TAMING OF THE SHREW – AN EXPLORATION OF GENDER EXPRESSION

p_2349_i_3129537 Male-female lines are blurred—and brilliantly so—in Queer Classics’ The Taming Of The Shrew – An Exploration Of Gender Expression, now playing at Hollywood Fringe 2015.

Shakespeare himself blurred gender lines, or at least his Elizabethan-era actors did, back when women were forbidden by law to set foot onstage. Women’s Shakespeare continues to blur those lines, and this year’s Fringe-goers can also take in a gender-reversed Romea & Julian.

Queer Classics takes this gender-bending a step further, not merely by having certain actors “cross-dress” but by imagining a Petruchio and Kate who not only defy gender stereotypes, they may actually have been born into the wrong bodies.

The wonder of Mike Wamser and Casey Kringlen’s adaptation, conceived and directed by Kringlen with abundant imagination and panache, is in their having found in Shakespeare’s actual text reasons to believe that Petruchio and Kate might indeed be trangender, and to make the two lovers’ discovery of their truth a powerful one.

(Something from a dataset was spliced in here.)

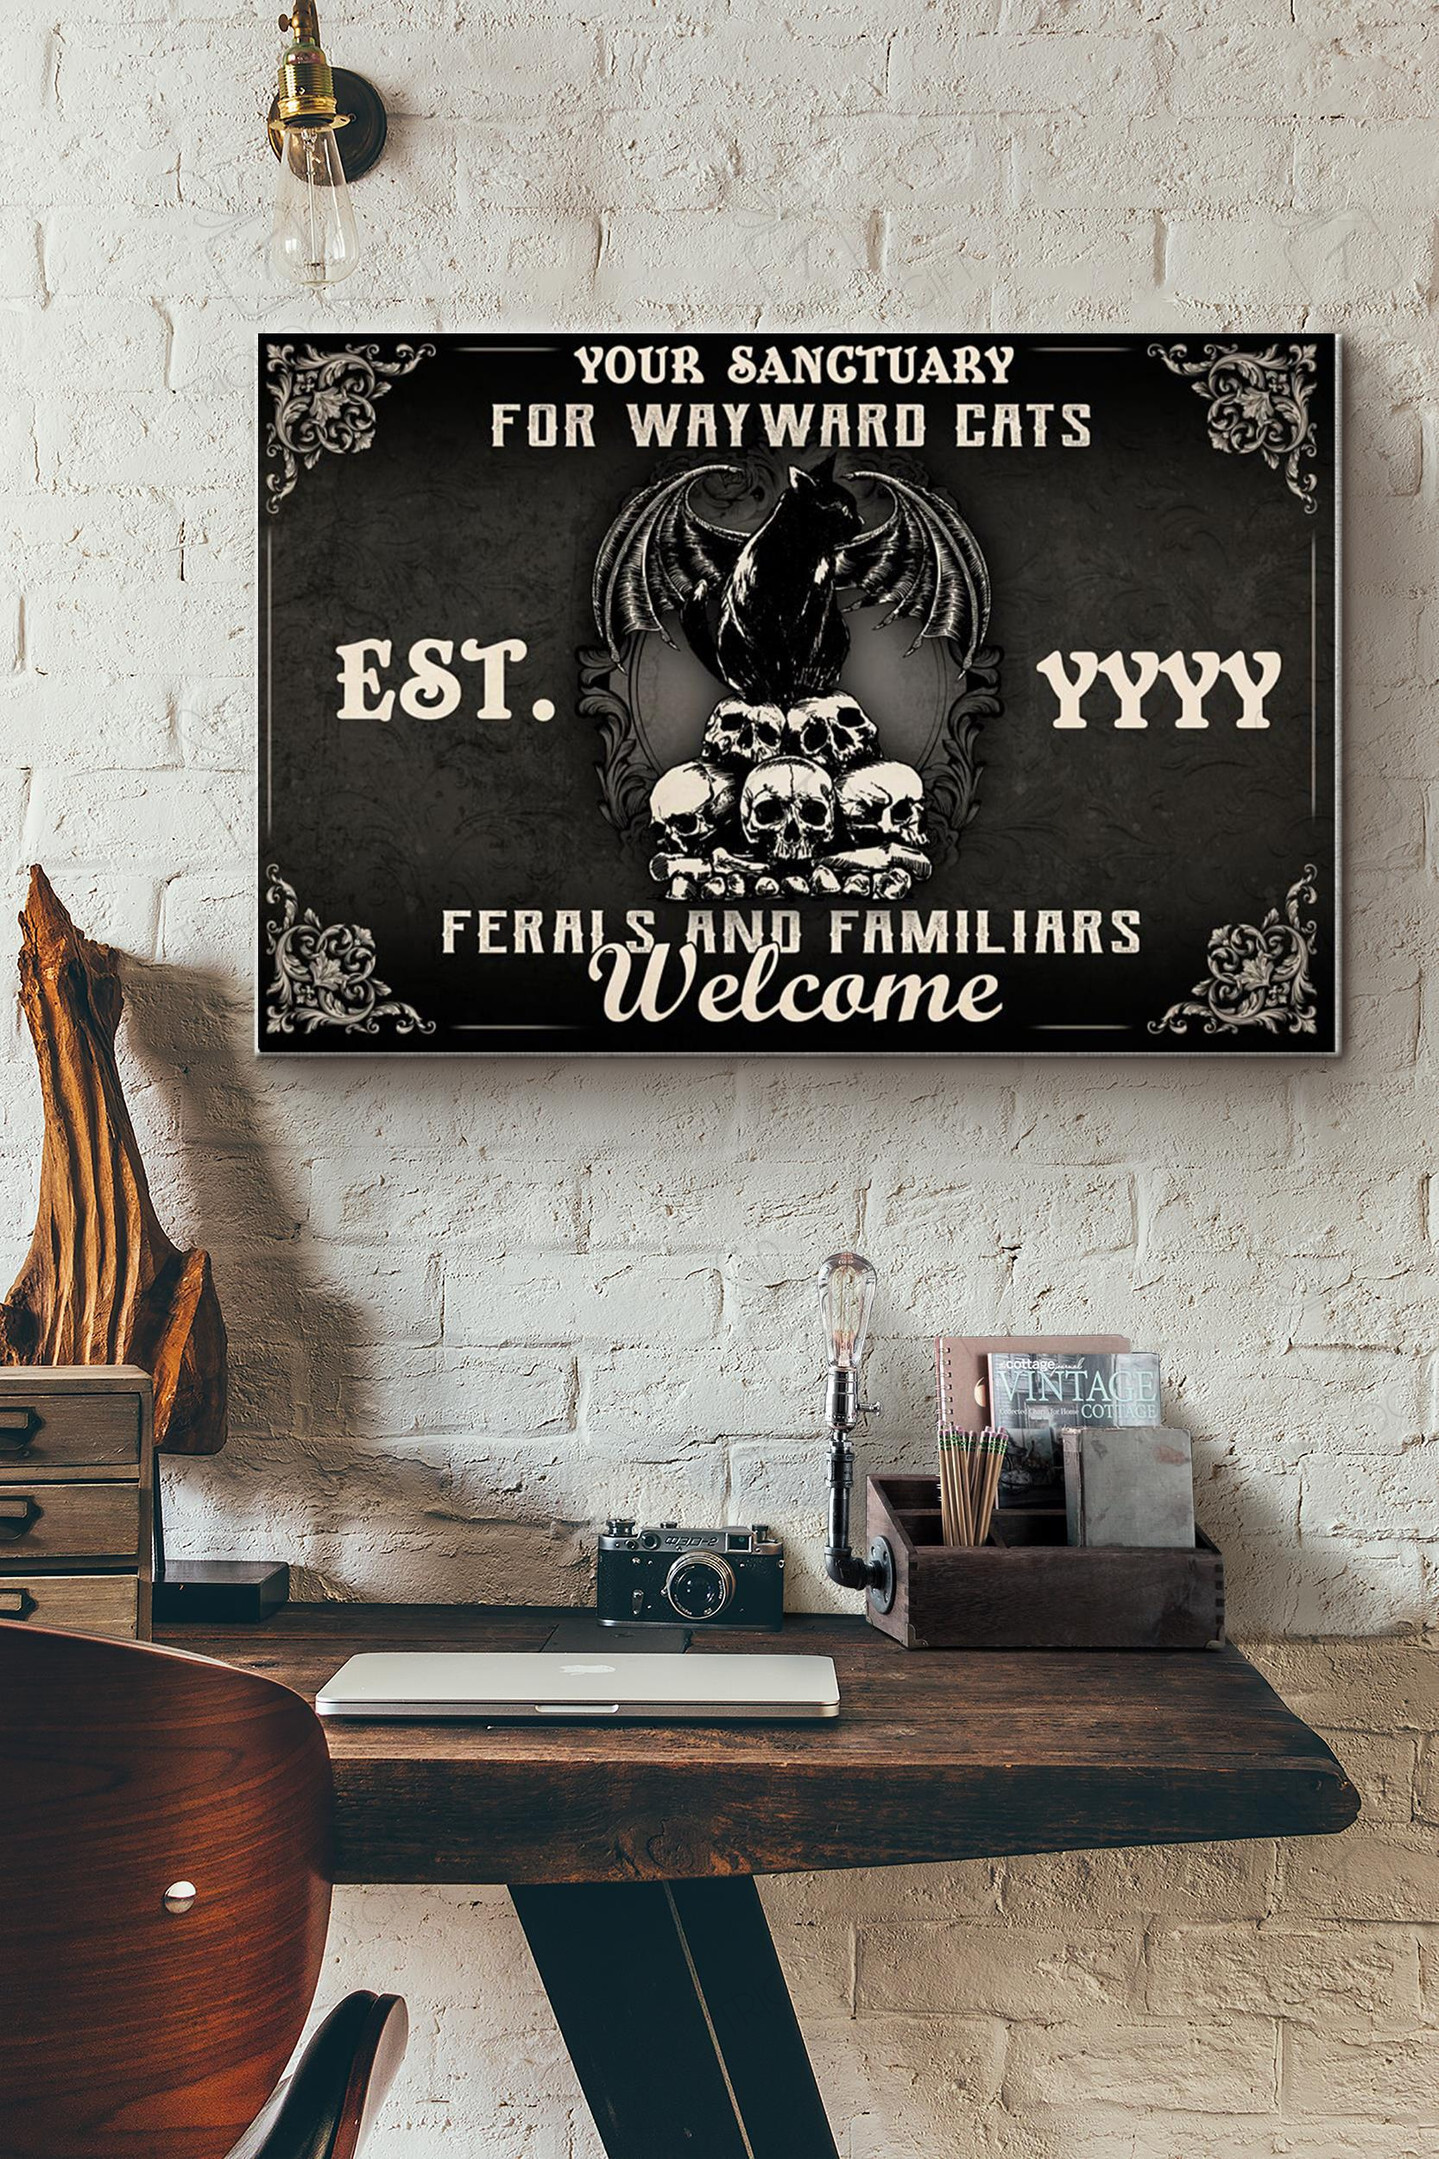 Your Sangtuary For Wayward Cats Ferals And Familiars Welcome Canvas Painting Ideas, Canvas Hanging Prints, Gift Idea Framed Prints, Canvas Paintings Wrapped Canvas 8x10

Whether straight or gay, cisgender or trans, cast members Shaan Dasani, Ryan Leslie Fisher, Suzanne Fortin, Julie Rei Goldstein, Bobby Gutierrez, Jeffrey Masters, Gordon Meacham, Dawn Medina, Nathan Mohebbi, and Lauren Parkinson all do delightful work, some of it downright sensational, and having a pair of audience members step into cameo roles adds to the fun.

Kringlen and company stick closely to Shakespeare’s text, edited down to a brisk ninety minutes, while allowing characters to toss off a scripted adlb here or there, though there’s not one of Shrew’s iconic characters that doesn’t get a fresh new twist, or don opposite-sex drag at one point or another. (Mohebbi is particularly fetching in blue lace.)

Most importantly, the adapters keep the audience entertained throughout.

Dan Weingarten’s lighting design and a bevy of imaginative costumes both stylish and whimsical add to the production’s decidedly professional air.

Amber Bruegel is stage manager and Shaeffer Nelson is assistant stage manager.

Having now seen Queer Classics’ gender-bending Taming Of The Shrew, this reviewer will find it hard to view a traditionally staged Shrew without seeing Petruchio and Kate with queer new eyes.